Измененные геосистемы, как правило, менее устойчивы, чем первичные, поскольку естественный механизм саморегулирования в них нарушен. Поэтому некоторые экстремальные отклонения параметров внешней среды, которые «гасятся» в естественном ландшафте, могут оказаться катастрофическими для антропогенной модификации: единичный ливень смывает верхний слой почвы, однодневный заморозок губит культурную растительность, пыльная буря за несколько дней уносит сотни миллионов тонн почвенных частиц.

Как уже отмечалось, антропогенно-техногенные новообразования в ландшафте не способны к самостоятельному развитию и существуют только благодаря постоянной поддержке со стороны человека. К самым неустойчивым образованиям относятся посевы монокультур. Часто приводимый пример «рисовых ландшафтов» муссонных тропиков только подтверждает это правило. Рисовые плантации существуют лишь благодаря постоянной и упорной борьбе людей с природной стихией, с муссонными ливнями, катастрофическими наводнениями, тайфунами, буйной тропической растительностью, благодаря поддержанию искусственного водного режима и искусственному восполнению потерь почвенного плодородия. В ландшафтах с культурной растительностью наиболее существенные черты инвариантной структуры всей системы затронуты неглубоко, и им присуща обратимость. Восстановление утраченного или нового равновесия — лишь вопрос времени.

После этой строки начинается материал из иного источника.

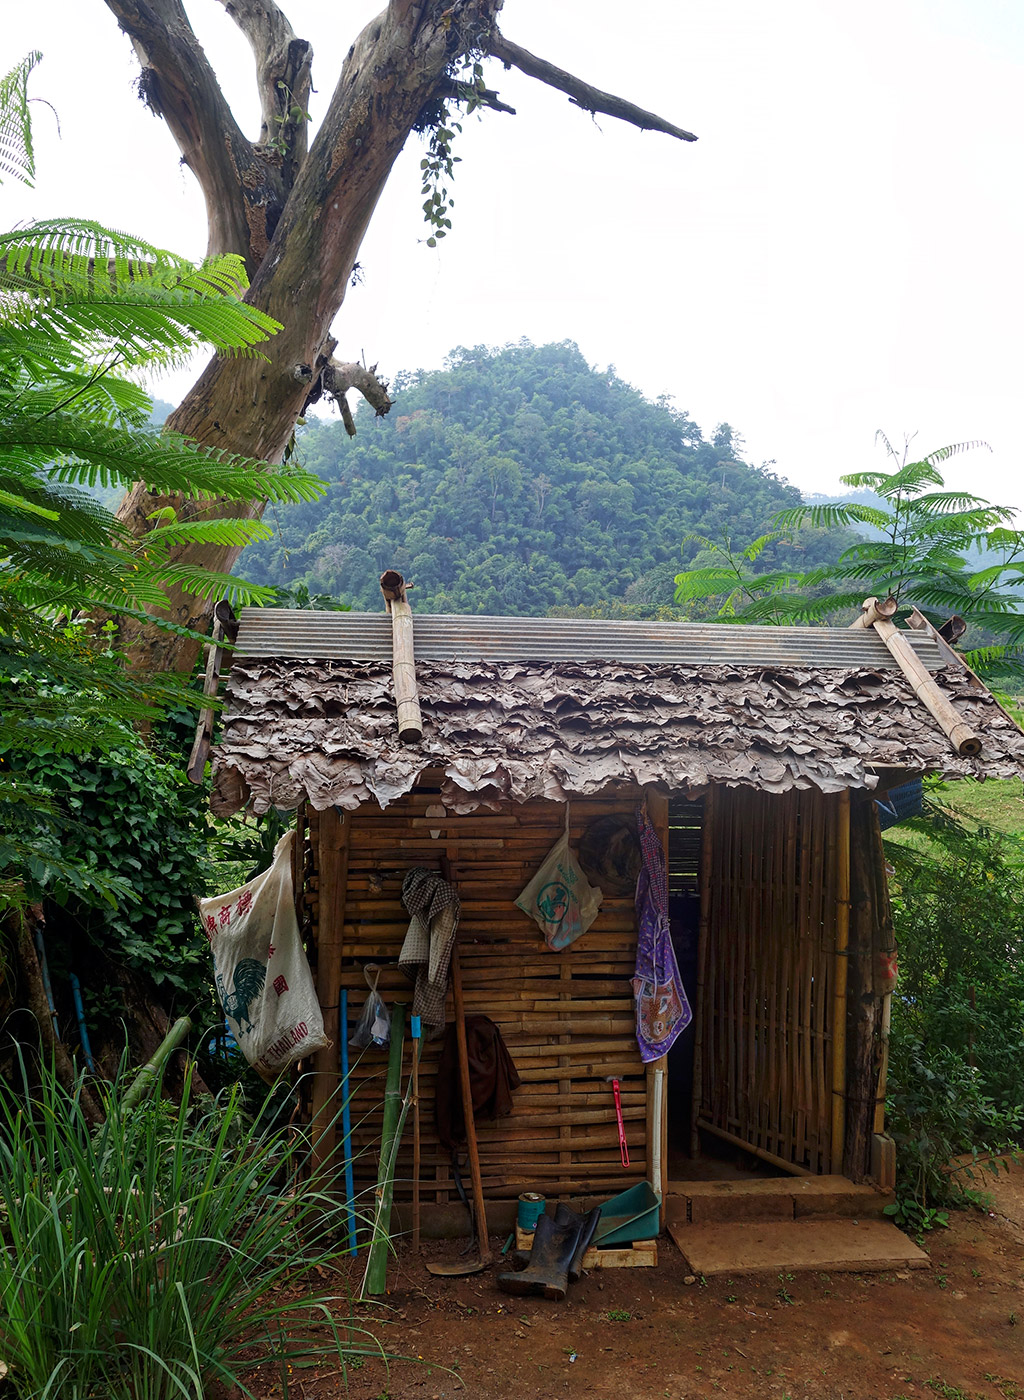 chiang-mai-thailand-elephant-sanctuary-14

Существует предложение считать необратимыми такие модификации, время существования которых превышает продолжительность жизни одного человеческого поколения '. Этот критерий, возможно, имеет некоторый практический смысл, но является сугубо условным. Так, процесс восстановления (после сведения) первичных лесов, требующий 150 — 250 лет, пришлось бы считать необратимым, хотя по всему своему существу он может служить примером типично обратимого процесса. Многие временные модификации ландшафтов кажутся нам устойчивыми и необратимыми только потому, что не прошло достаточного времени для восстановления первичного состояния геосистемы, притом обычно человек препятствует восстановительному процессу повторяющимся вмешательством (повторные вырубки, палы, выпас скота и т. п.). Планируя долговременные мероприятия по использованию, улучшению, охране ландшафтов, т. е. по их оптимизации, вряд ли достаточно исходить из сроков, определяемых длительностью, жизни одного поколения людей.

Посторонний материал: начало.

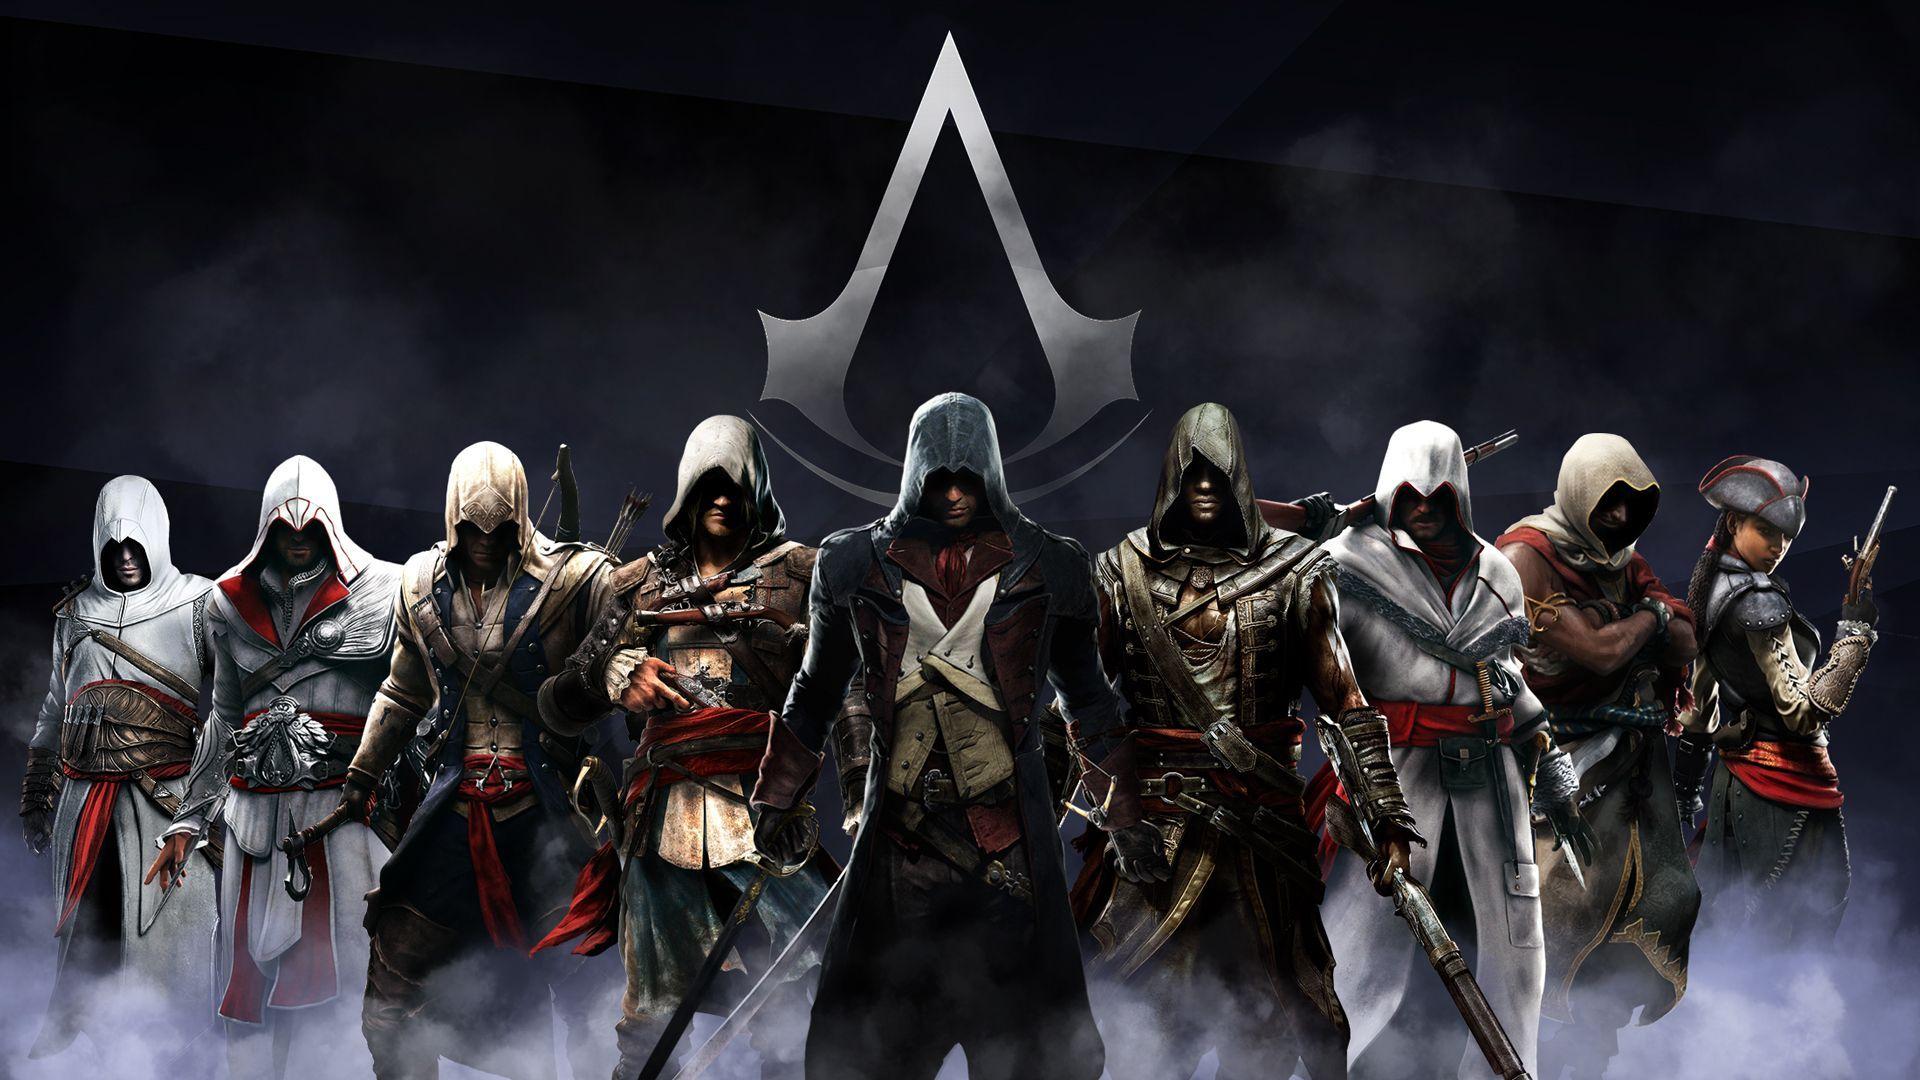 16 Assassin Creed Backgrounds Hq Kian Broscombe

1 См.: Преображенский В. С. Поиск в географии. М., 1986. С. 111.

341

Степень устойчивости и долговечность антропогенно-техногенных новообразований в геосистемах зависят от многих условий, и прежде всего от глубины преобразования исходной системы. В свою очередь возможность такого преобразования зависит от таксономического ранга геосистемы и от того, на какие компоненты направлено воздействие. С рассматриваемой точки зрения компоненты геосистемы далеко не равноценны. Нельзя добиться устойчивых изменений в природном комплексе путем воздействия на любой его компонент. Изменение животного мира (например, пресловутое катастрофическое размножение завезенных в Австралию в 1859 г. кроликов) вряд ли повлечет за собой перестройку климата и рельефа вместе с геологическим фундаментом. Но достаточно изменить любой из названных трех компонентов, чтобы и животный мир, и растительность, и почвы отреагировали на это соответствующим образом.

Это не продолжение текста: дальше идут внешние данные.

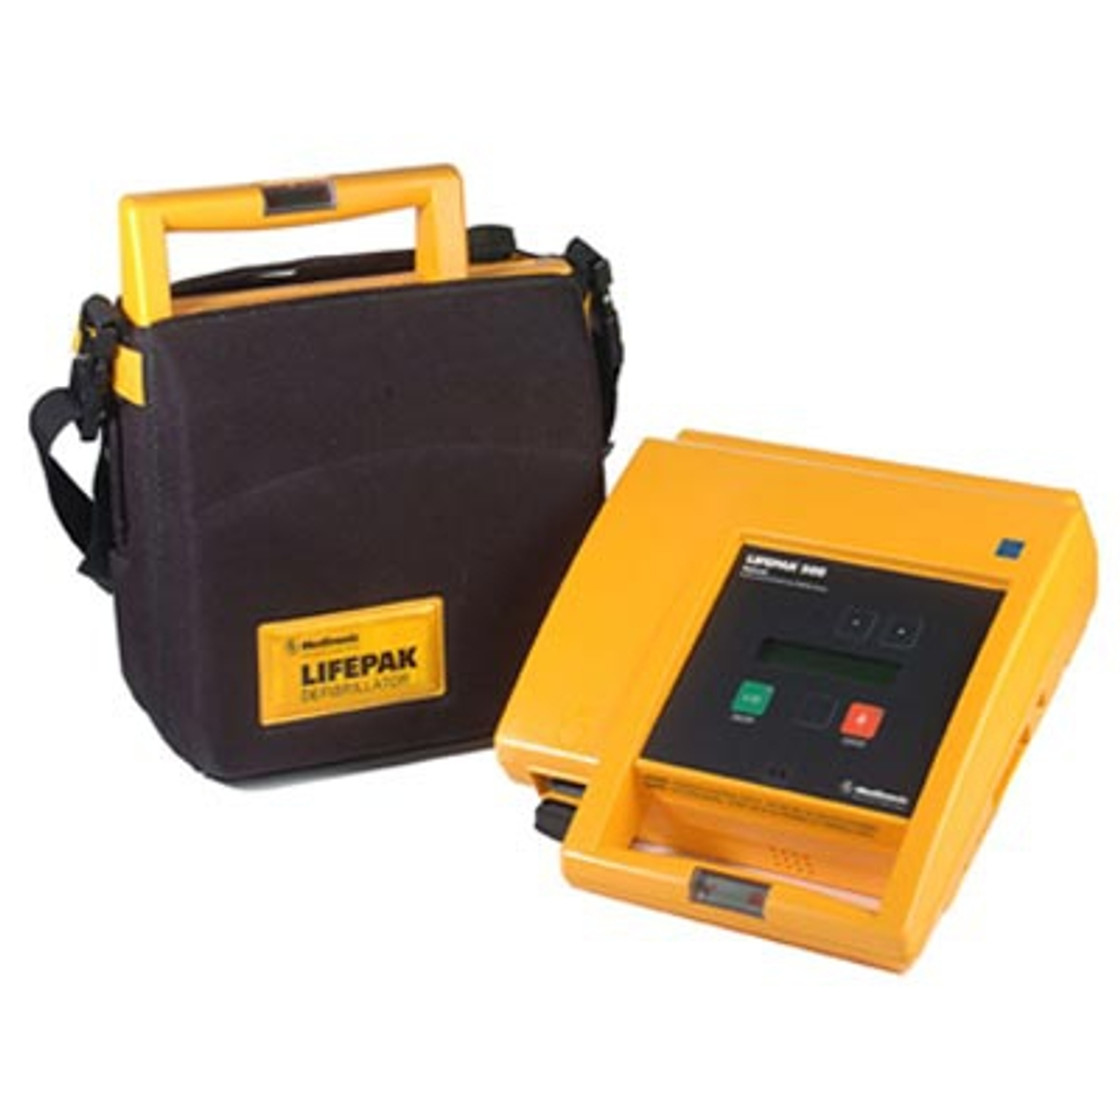 Physio-Control LIFEPAK 500

Для решения поставленного вопроса важно разделить компоненты геосистем на две группы, которые условно назовем первичными и вторичными. К первым относятся твердый фундамент и воздушные массы, ко вторым — все остальные. Нетрудно показать, что наиболее устойчивые изменения в геосистемах получаются в результате преобразования первичных компонентов. Это объясняется тем, что они играют роль основных входов, через которые в геосистему поступают энергия и вещество извне, им принадлежит определяющее значение в дифференциации геосистем. Твердый фундамент вместе с рельефом к тому же отличается необратимостью, а отсюда необратимо все то, что с ним связано. Поэтому появление карьеров, отвалов, оврагов и тому подобных образований — это именно тот случай, когда понятие «антропогенный (или техногенный) природный комплекс» может употребляться с наименьшими натяжками.

Преобразование твердого фундамента, так же как и атмосферных процессов, в основном ограничено локальными масштабами — микро- и мезорельефом, микро- и мезоклиматом. Это означает, что практически сколько-нибудь существенные, относительно устойчивые перестройки геосистем возможны на уровне систем локальных ран гов — морфологических частей ландшафта '. При открытых горных разработках или заполнении грунтом оврагов прежние фации и уро чища уничтожаются и заменяются новыми. Но для ландшафта этс означает лишь некоторое изменение морфологической структуры Степень устойчивости геосистем находится в прямой зависимости от их ранга, т. е. растет «снизу вверх» — от фаций к урочищам, от урочищ к ландшафтам. И с этим фактом нельзя не считаться при воздействии на природные комплексы. Рассматривать и целую ланд шафтную зону, и кучу камней на обочине дороги как качественно

1 Называя в данном случае локальные системы устойчивыми, мы должны иметь в виду не только пространственные масштабы их выявления, но и временные: они устойчивы в пределах характерного времени своего существования, которое значи тельно короче, чем у ландшафта.

342

равноценные и одинаково «антропогенные ландшафты» так же ошибочно, как признавать равнозначность всех компонентов.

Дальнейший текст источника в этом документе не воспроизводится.